Study Finds Strong Job, Wage Growth

Friday, January 18, 2013

Northwest Arkansas ranked 41st among 200 large metropolitan areas in terms of job and wage growth during the last five years, according to a Milken Institute report.

The region dropped from 26th in last year’s rankings, and has bounced around the top 50 every year since 2002. The institute ranks metropolitan statistical areas based on growth in overall jobs, high-tech jobs, and wages based on one- and five-year trends. The Northwest Arkansas metropolitan statistical area includes Benton, Washington and Madison counties in Arkansas and McDonald County in Missouri.

“Our first appearance at the top of this list in 2002 really put Northwest Arkansas on the map,” said Raymond Burns, president of the Rogers-Lowell Area Chamber of Commerce. “Given the shape of the economy both locally and around the country in the last five years, our rank really speaks volumes about the strength of our economy here.”

While individual cities each have their own niches in the region’s economy, they intertwine in many ways, said Steve Clark, president of the Fayetteville Chamber of Commerce.

“Bentonville is making strides in logistics and supply chain companies due to the presence of Walmart, while Springdale has a huge impact on the food industry sector of the wider economy,” Clark said. “In Fayetteville, we’re trying to build a hub of entrepreneurship based around the university, and a lot of those companies are related to the established pillars throughout the region.”

Those pillars helped keep Northwest Arkansas in a better position than many other areas throughout the recession, said Mike Harvey, chief operating officer of the Northwest Arkansas Council. The council is a group of business and community leaders that promotes regional approaches to common issues including economic development.

“Some of the areas that ranked well in Middle America, like Dallas and Oklahoma City, were really helped by the oil and gas industry, which we don’t have here,” Harvey said. “What we have are leaders in industries that weathered the recession fairly well. People kept shopping, they had to eat and they continued to move things by truck. Those are some of our regional specialties.”

High-tech jobs in particular bode well for the local economy, Harvey said.

“It doesn’t help that much to bring in a lot of low-paying jobs,” he said. “We prefer strong wage growth to pure job numbers, because it shows we’re bringing in the right kind of jobs to really grow.”

While the majority of business in the region is based along the Interstate 540 corridor in Benton and Washington counties, other areas represent the potential for growth, said David Pemberton, executive director of the Huntsville Chamber of Commerce.

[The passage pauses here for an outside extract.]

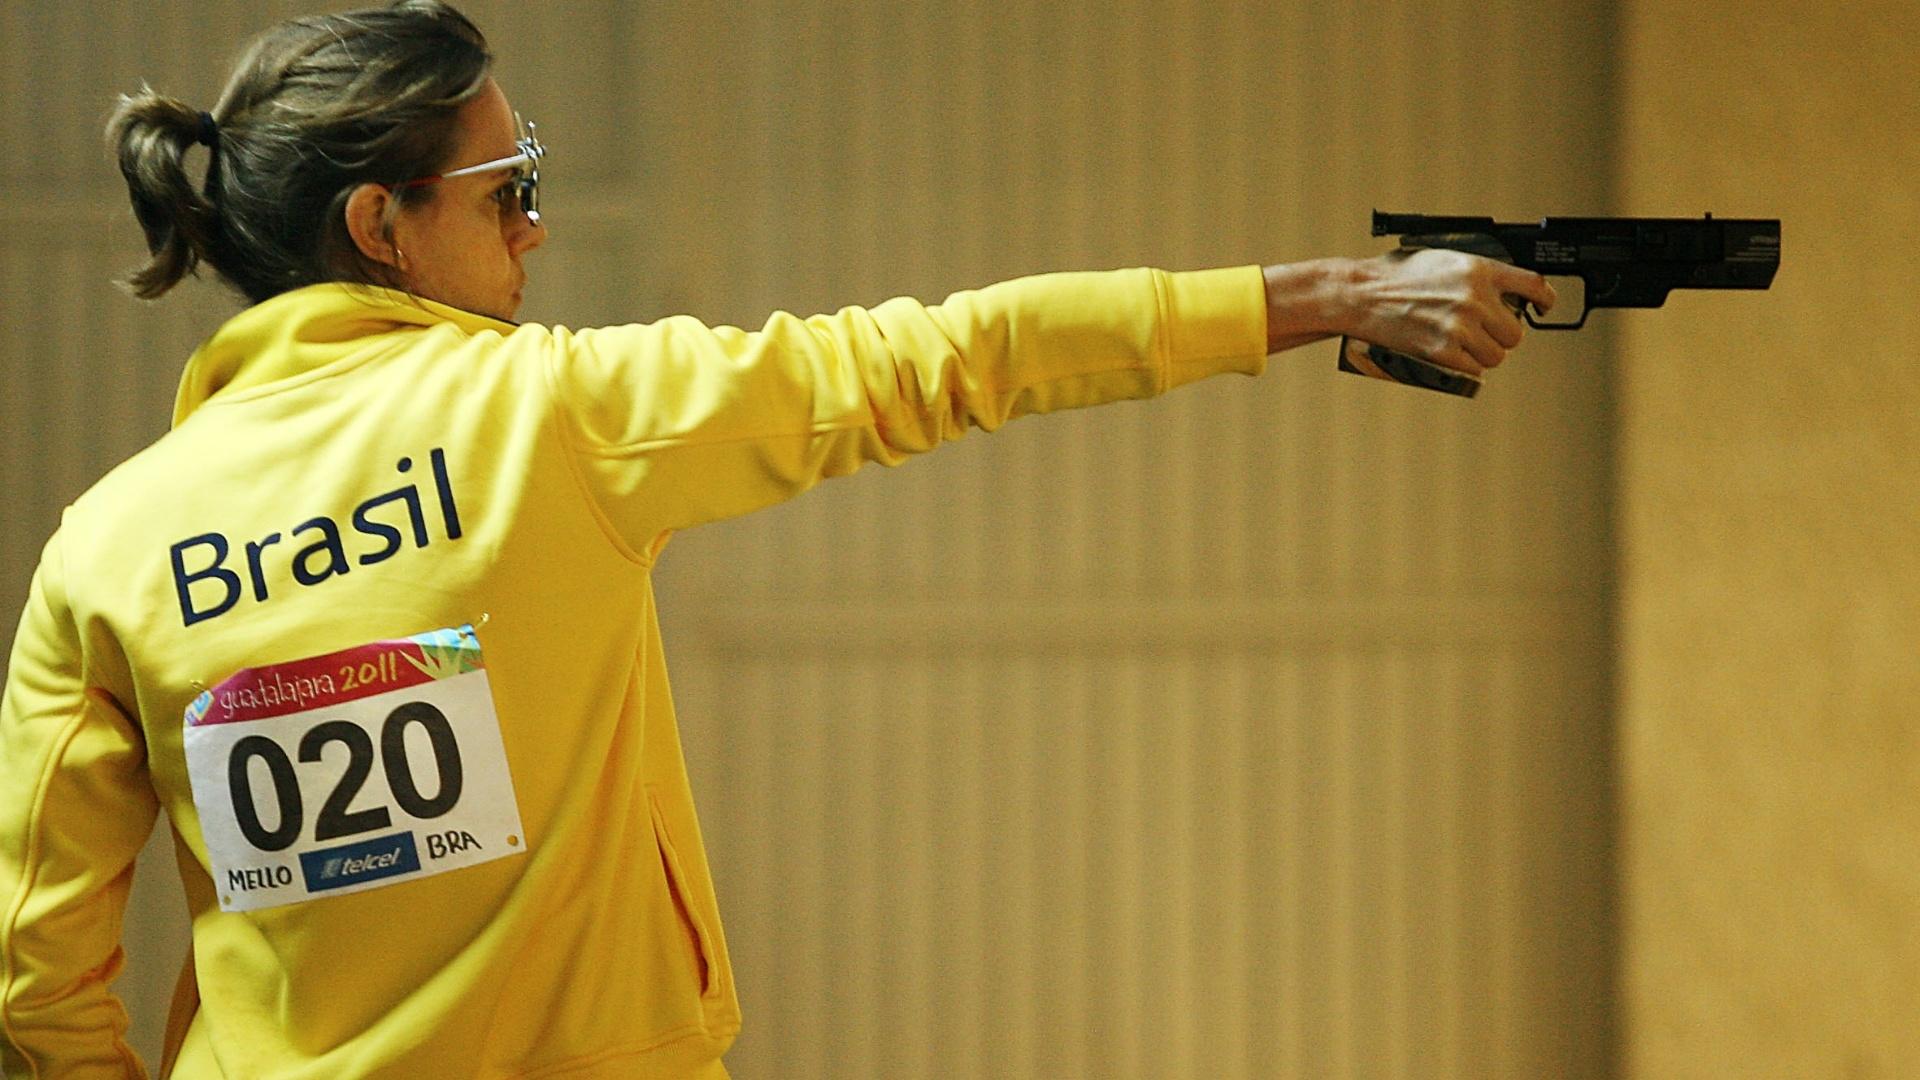 Ana Luiza Ferrão atira para conquistar a medalha de ouro na pistola 25 m pelos Jogos Pan-Americanos de Guadalajara (19/10/2011)

“I like to think we represent the eastern gateway to the region, while Siloam Springs is the western gateway,” Pemberton said. “As the east-west corridor develops, I think we’ll see growth similar to what’s happened along the interstate. We’ve gotten past looking just at city limits, and I think there’s still a lot of future potential for the region.”

Growth could also encompass regions outside the defined metro area, particularly as Northwest Arkansas and the Fort Smith region increase ties, Clark said.

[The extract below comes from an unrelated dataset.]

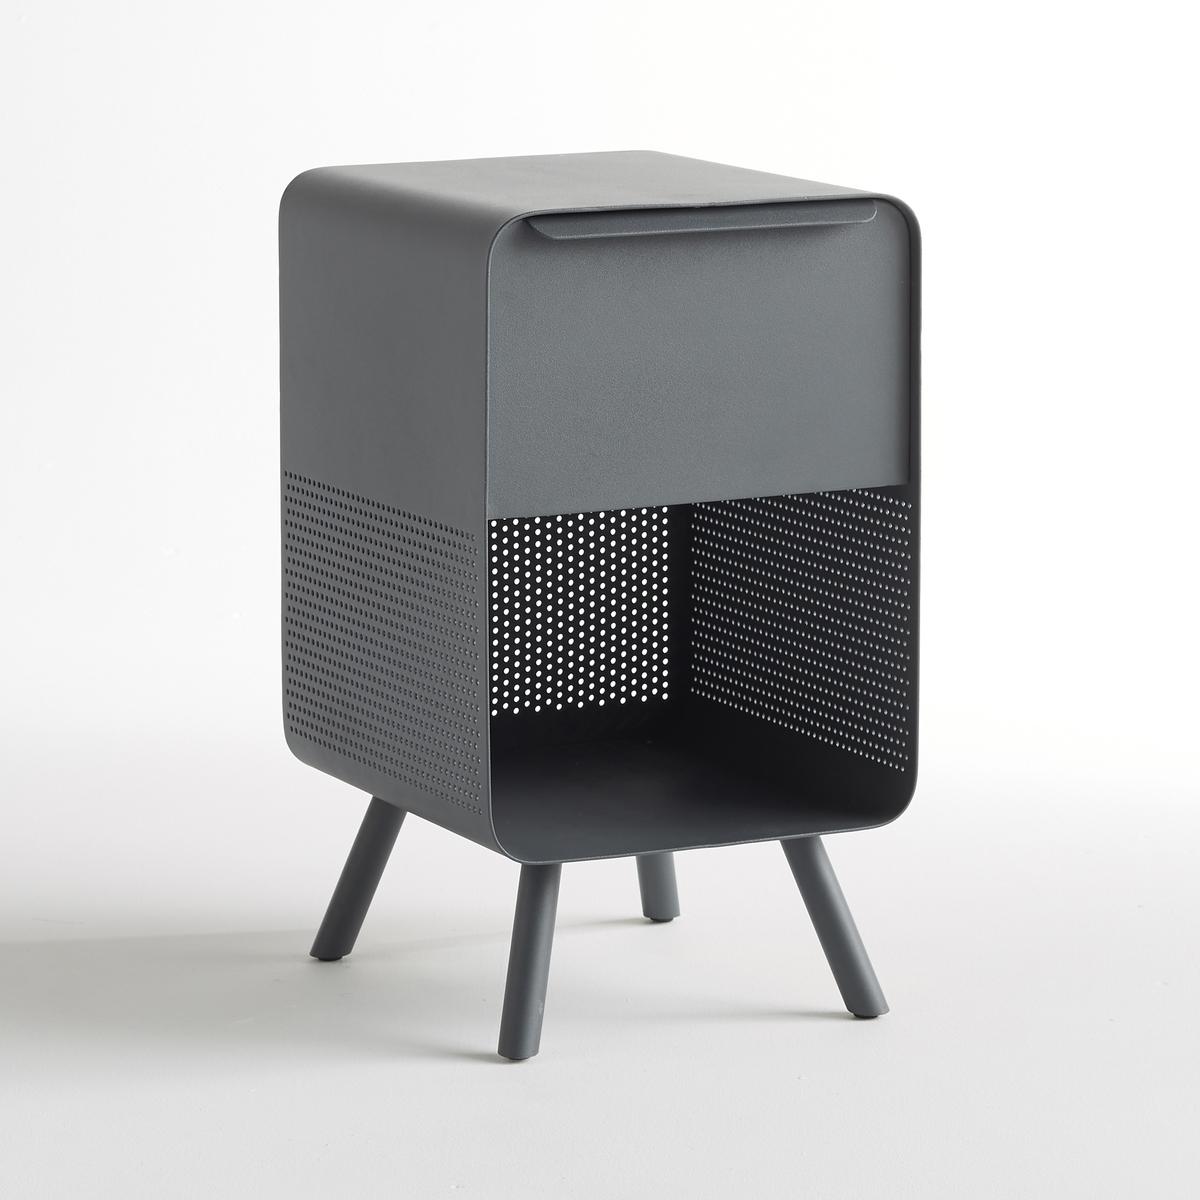 Столик La Redoute Журнальный Steel единый размер серый

“The two regions are acting more and more like one single big area,” Clark said. “We’ve got similar economic goals, and there are a lot of ways we can work together.”

Fort Smith ranked 196th in the Milken report, down from 160th in 2011. The Little Rock area dropped from 19th to 151st. The Memphis area, which includes several Arkansas counties just across the Mississippi River from Memphis, jumped from 191st in 2011 to 99th in 2012.

The Milken Institute focuses solely on economic numbers, but other factors play into any region’s true character, said Kevin Fitzpatrick, a social work professor at the University of Arkansas.

“Those economic numbers provide a snapshot, but they tend to ignore other factors, particularly what’s happening on the margins,” he said. “Housing, education, poverty and health indicators can show parts sunshine and parts gloom and doom depending on what data you use, but the socioeconomic health of any region is more than just jobs.”

The region’s repeated appearances in the top quarter of the Milken list are being noticed outside Northwest Arkansas, Clark said.

“People are realizing we’re a big deal in the heartland in the middle third of the country,” Clark said. “We’re no longer a flyover destination. We’re a landing place.”